Having thus disposed of Galileo, the inquisition conceived the design of condemning the whole system of Copernicus as heretical. Galileo, with more hardihood than prudence, remained at Rome for the purpose of giving his assistance in frustrating this plan; but there is reason to think that he injured by his presence the very cause which he meant to support. The inquisitors had determined to put down the new opinions; and they now inserted among the prohibited books Galileo’s letters to Castelli and the Grand Duchess, Kepler’s epitome of the Copernican theory, and Copernicus’s own work on the revolutions of the heavenly bodies.
Notwithstanding these proceedings, Galileo had an audience of the Pope, Paul V., in March 1616. He was received very graciously, and spent nearly an hour with his Holiness. When they were about to part, the Pope assured Galileo, that the congregation were not disposed to receive upon light grounds any calumnies which might be propagated by his enemies, and that, as long as he occupied the papal chair, he might consider himself as safe.
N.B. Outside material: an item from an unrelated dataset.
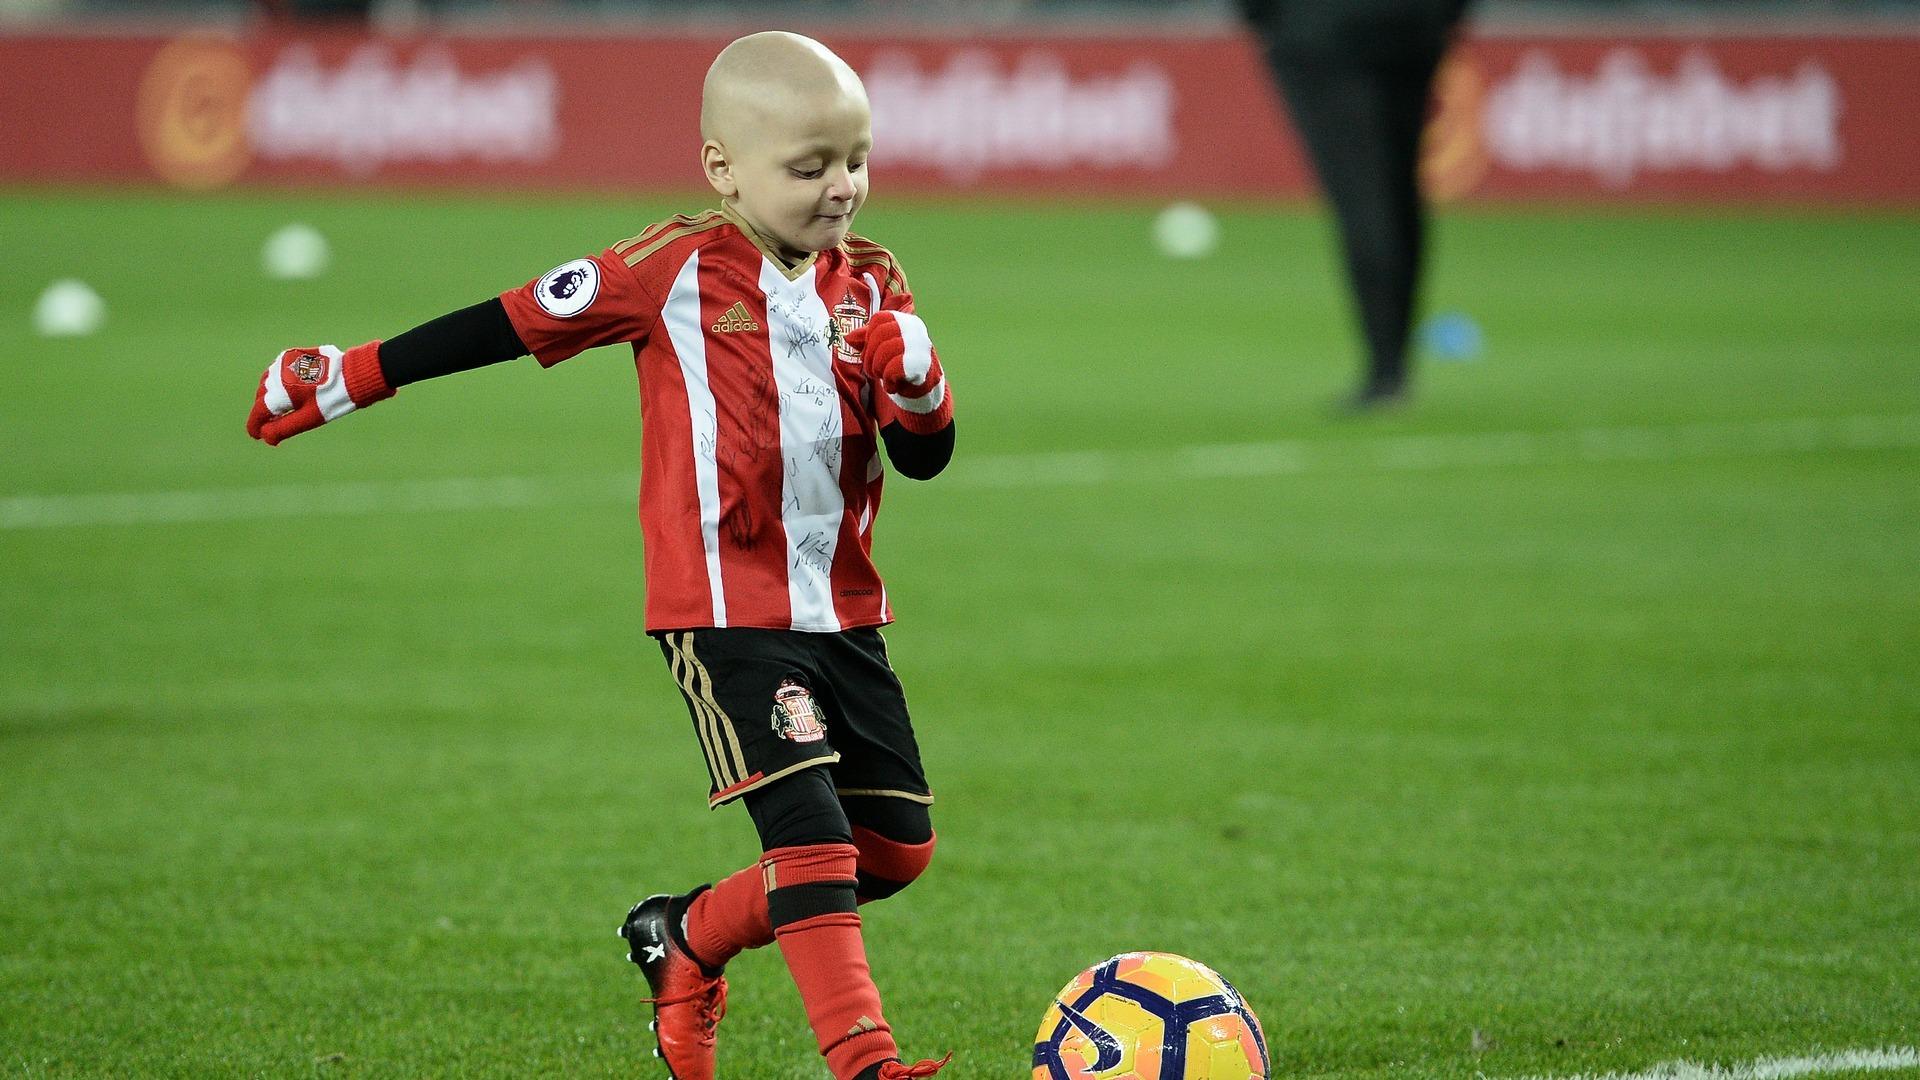 Fearless football fan Bradley Lowery dies aged 6
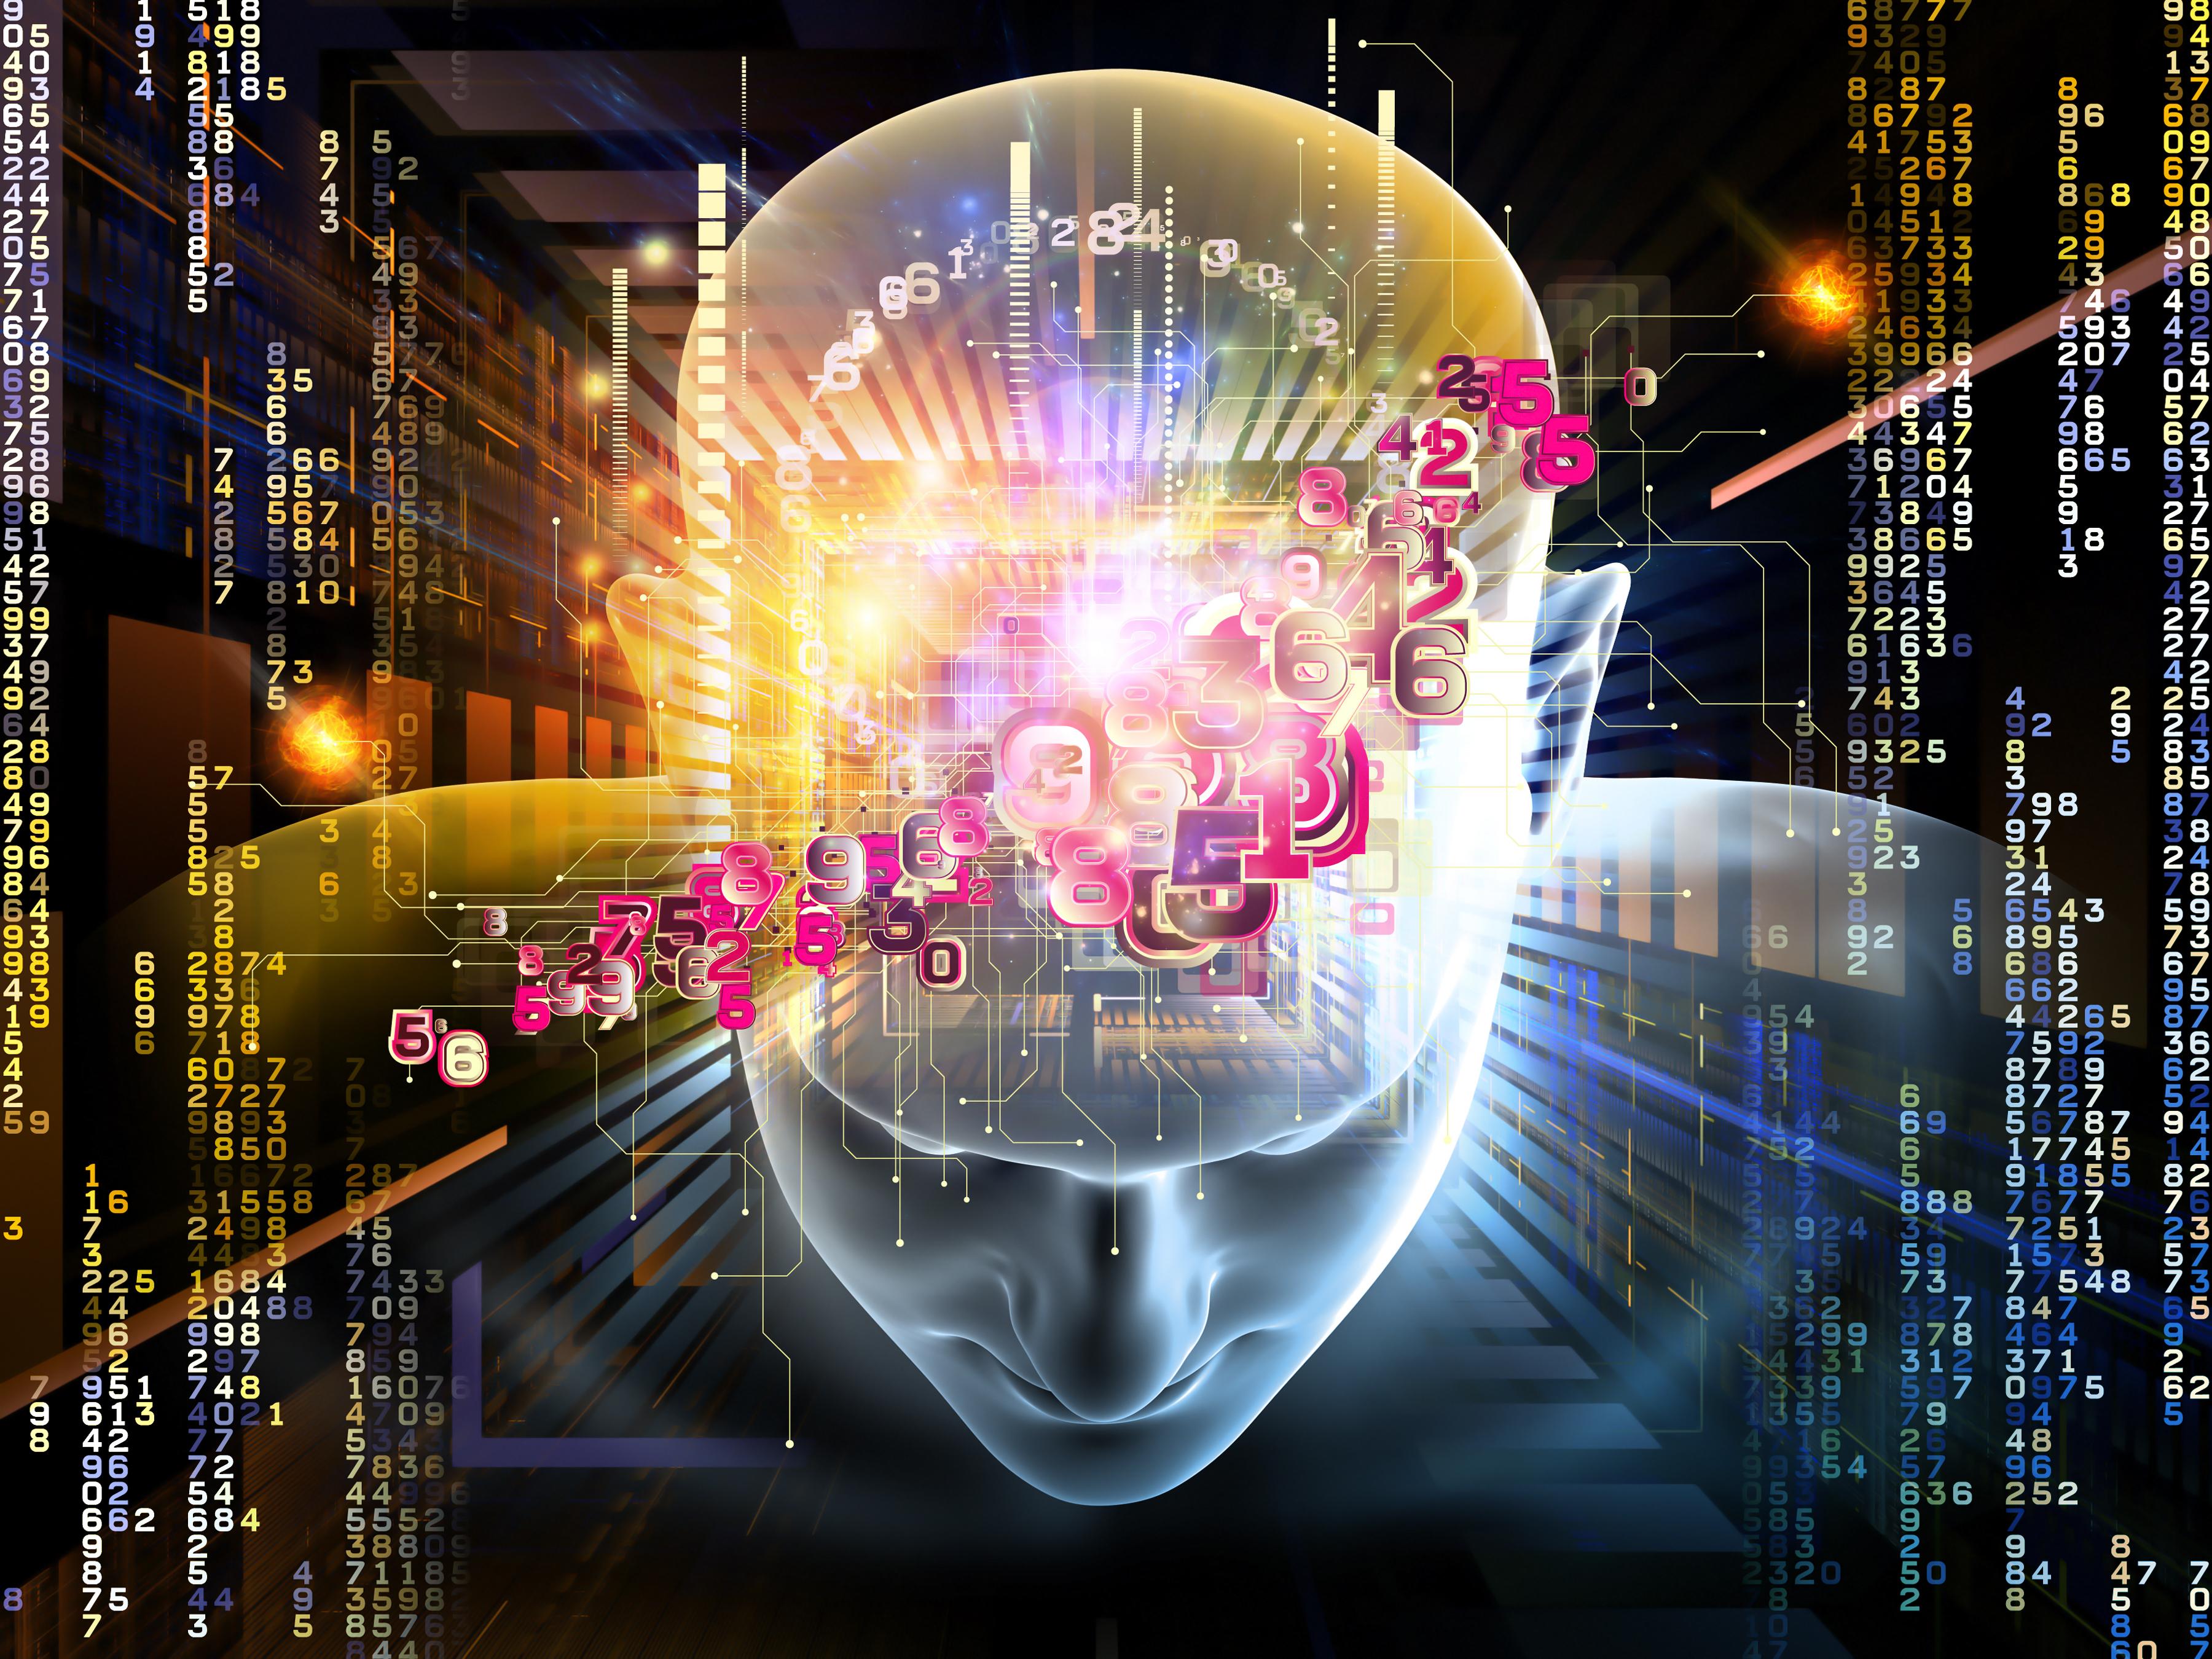 Künstliche Intelligenz ist für Bosch eine Schlüsseltechnologie der Zukunft. Das Technologieunternehmen plant, seine Aktivitäten in diesem Bereich weiter auszubauen.

These assurances were no doubt founded on the belief that Galileo would adhere to his pledges; but so bold and inconsiderate was he in the expression of his opinions, that even in Rome he was continually engaged in controversial discussions. The following very interesting account of these disputes is given by Querenghi, in a letter to the Cardinal D’Este:—
“Your eminence would be delighted with Galileo if you heard him holding forth, as he often does, in the midst of fifteen or twenty, all violently attacking him, sometimes in one house, sometimes in another. But he is armed after such fashion that he laughs all of them to scorn; and even if the novelty of his opinions prevents entire persuasion, he at least convicts of emptiness most of the arguments with which his adversaries endeavour to overwhelm him. He was particularly admirable on Monday last in the house of Signor Frederico Ghisilieri; and what especially pleased me was, that before replying to the contrary arguments, he amplified and enforced them with new grounds of great plausibility, so as to leave his adversaries in a more ridiculous plight, when he afterwards overturned them all.”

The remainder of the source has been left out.